> _Your objective_
Copy the listing exactly; drop the pictures.

> _Data_
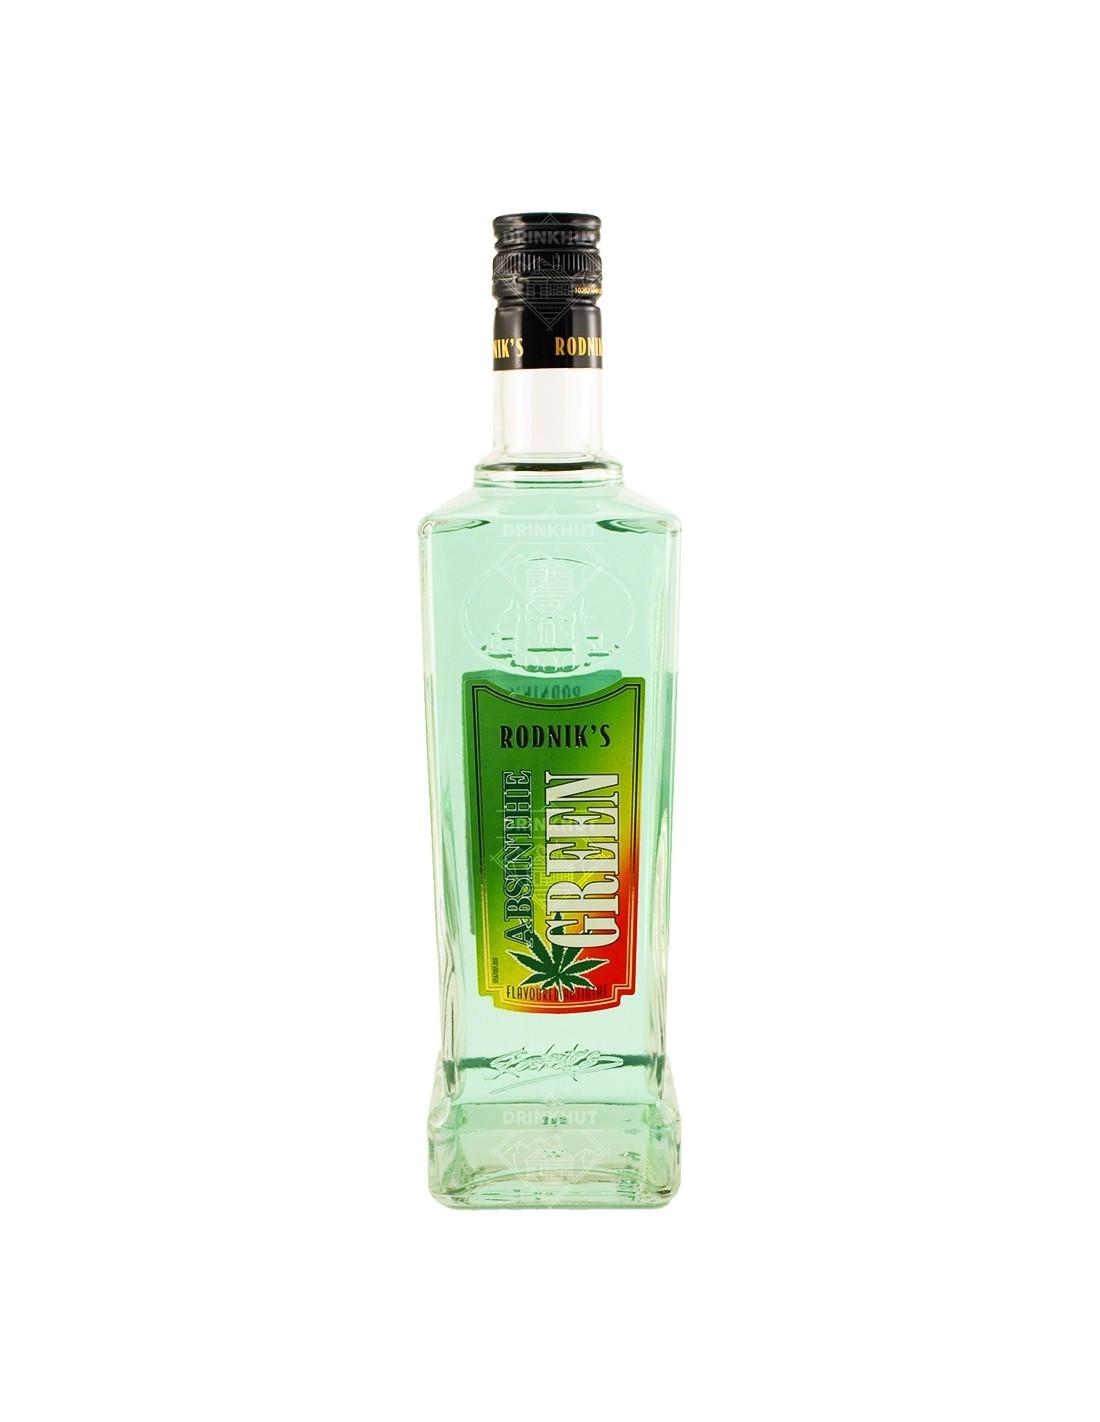 Absint Rodnik's Green, 70% alc., 0.7L, Spania
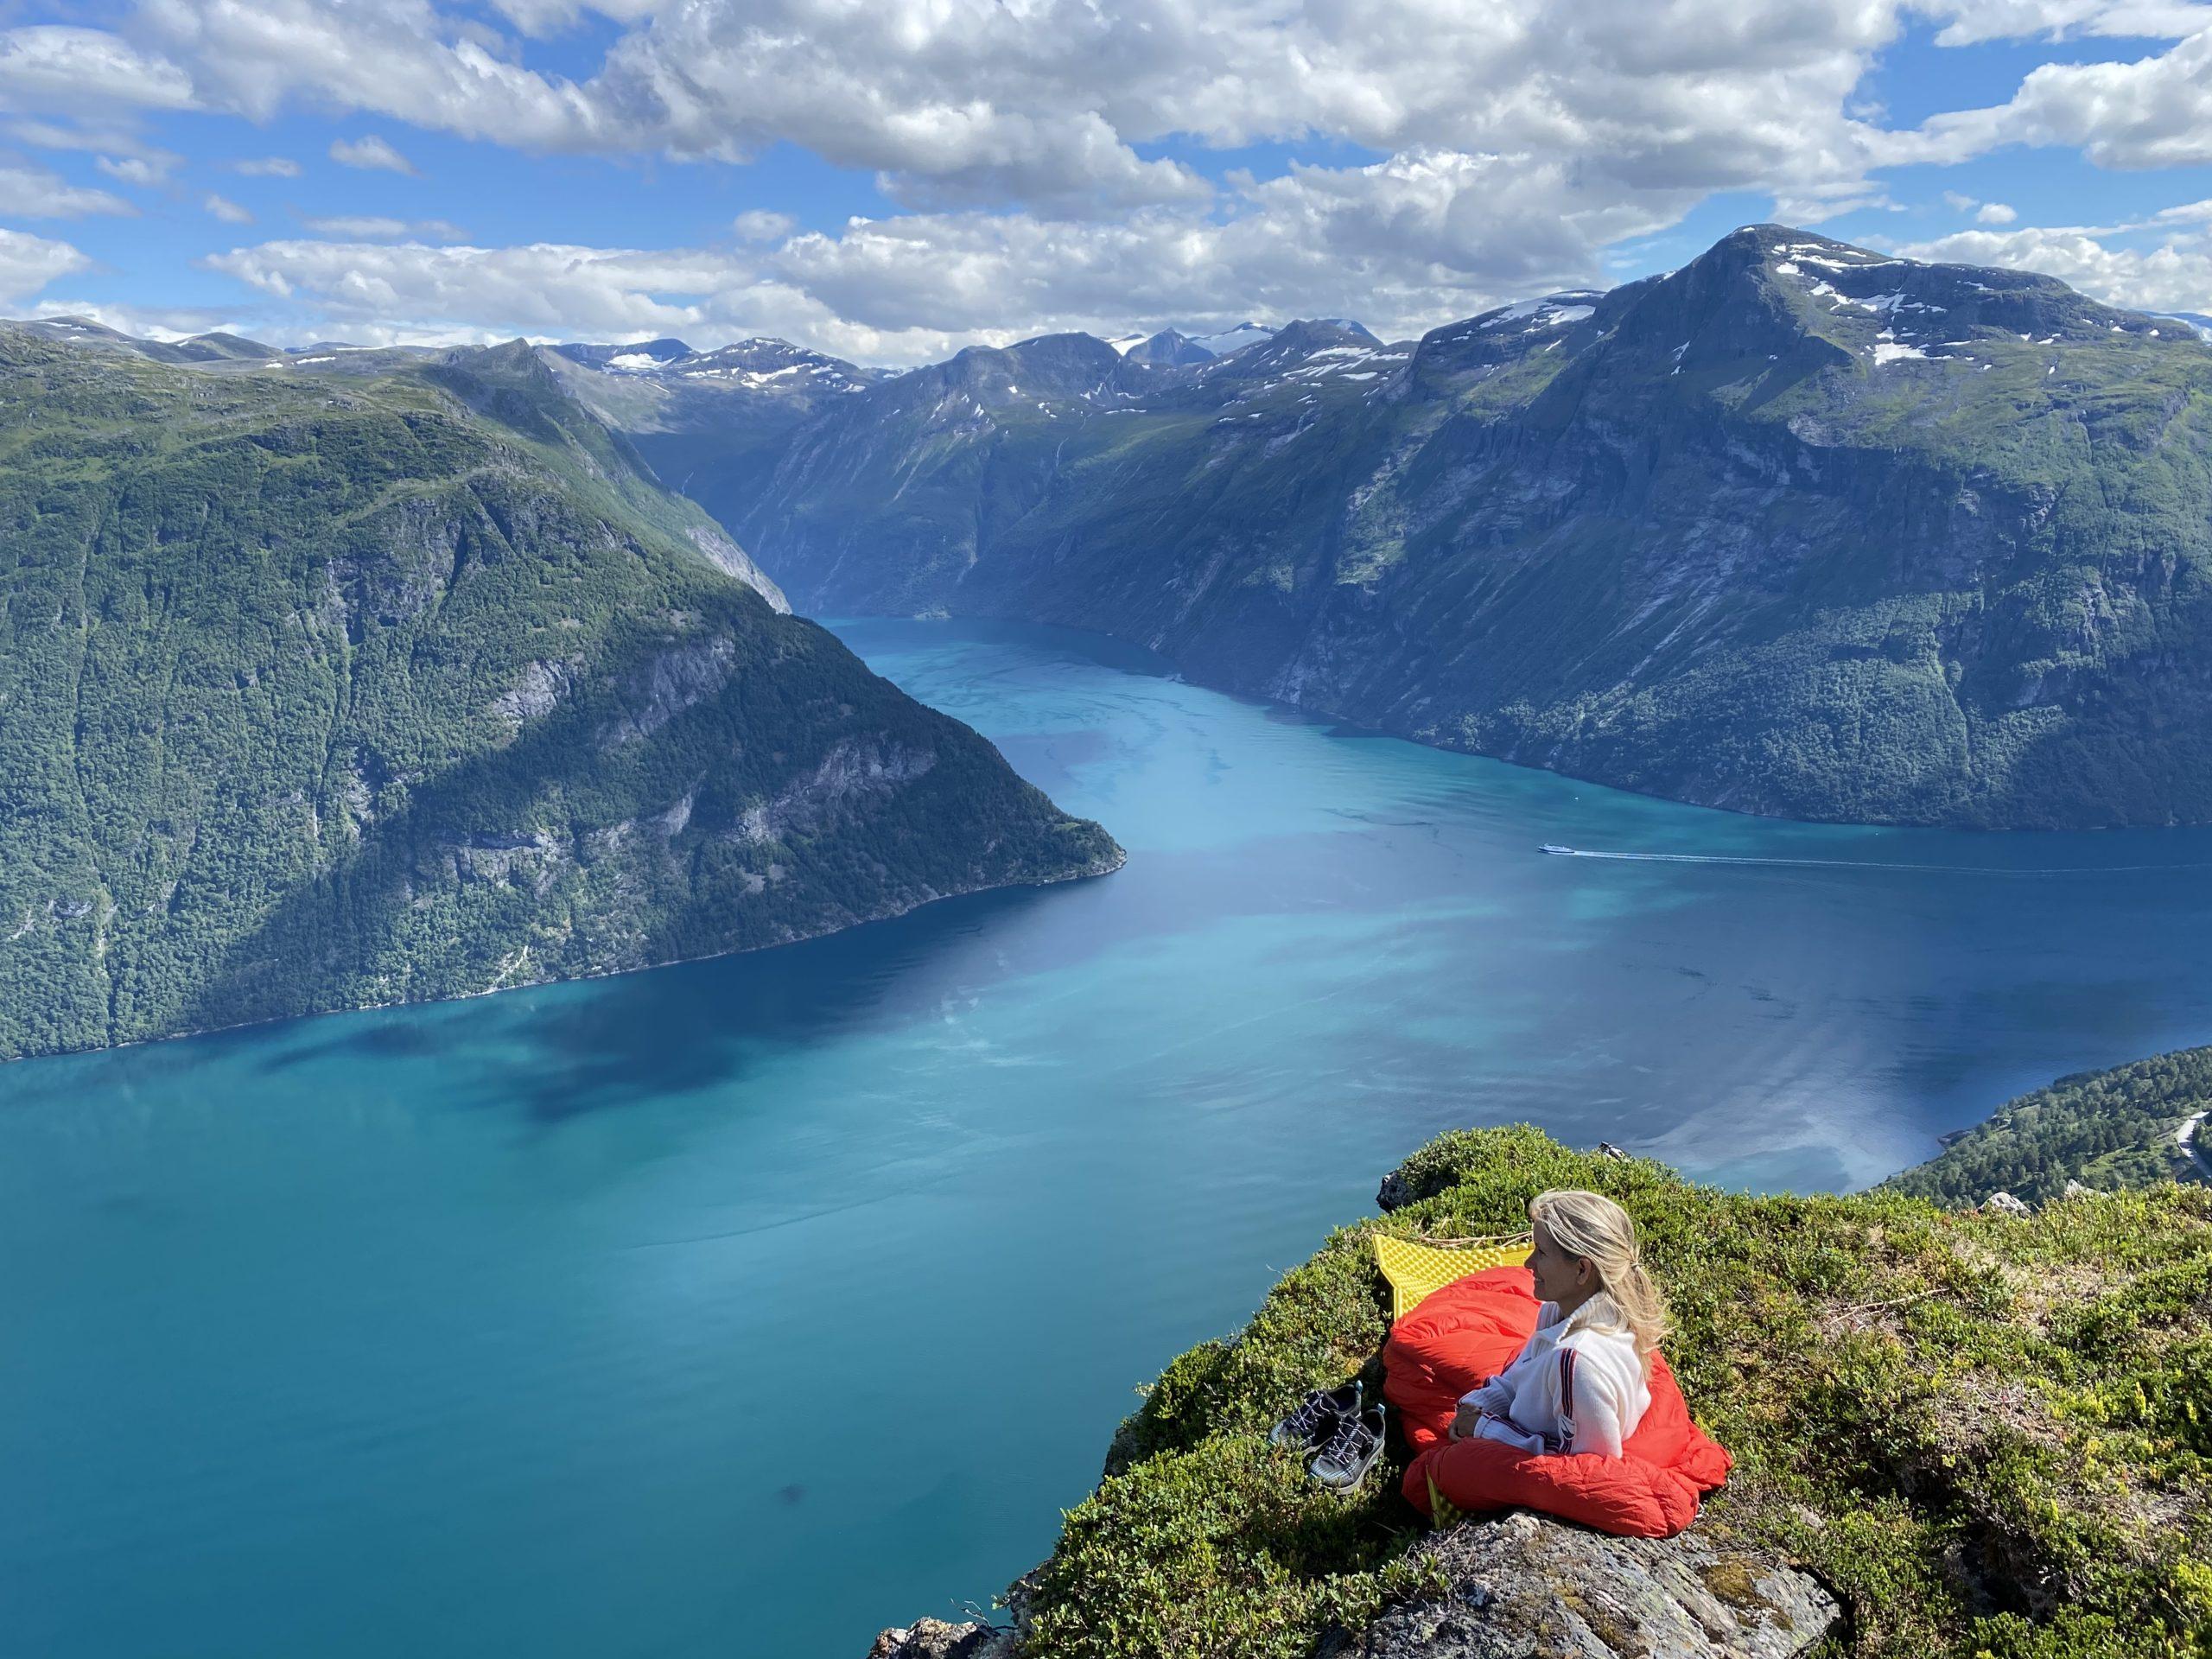 Blant fjord og fjell finner du vakreste Hellesylt
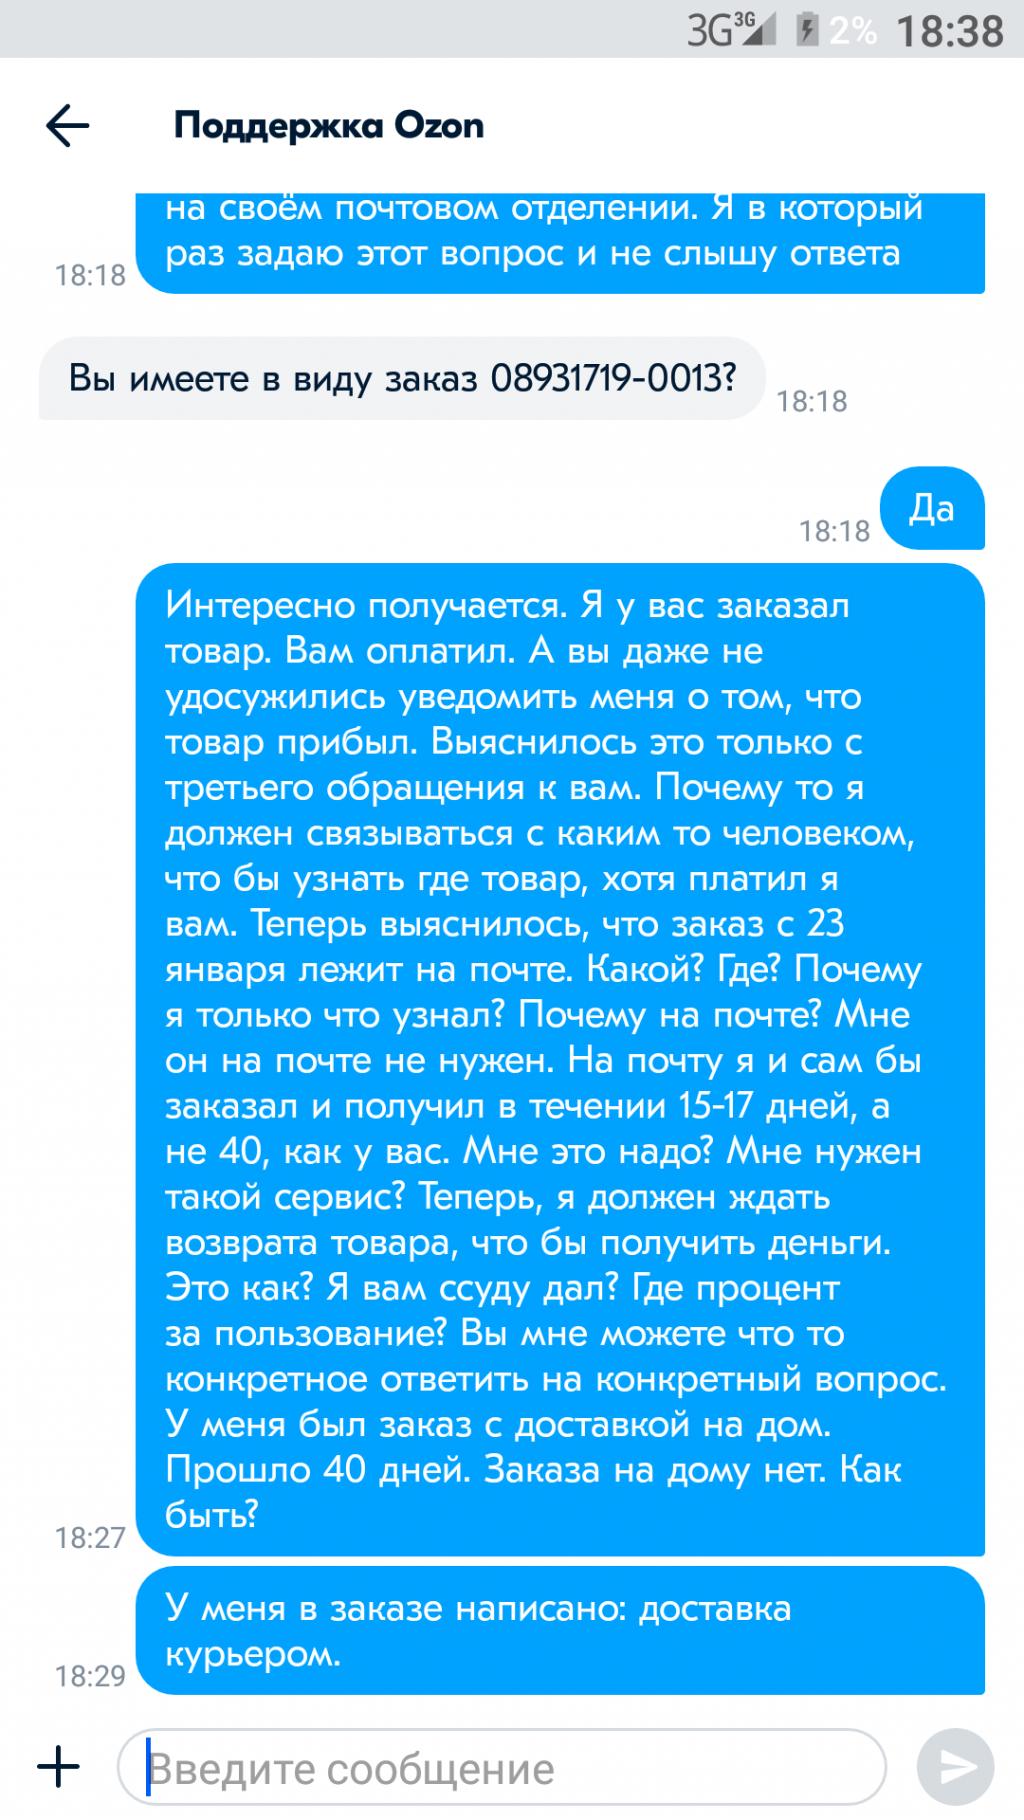 OZON.ru - Никогда больше не подойду к Озон. Мрак. Развод.

> _Response_
 Absint Rodnik's Green, 70% alc., 0.7L, Spania
 Blant fjord og fjell finner du vakreste Hellesylt
 OZON.ru - Никогда больше не подойду к Озон. Мрак. Развод.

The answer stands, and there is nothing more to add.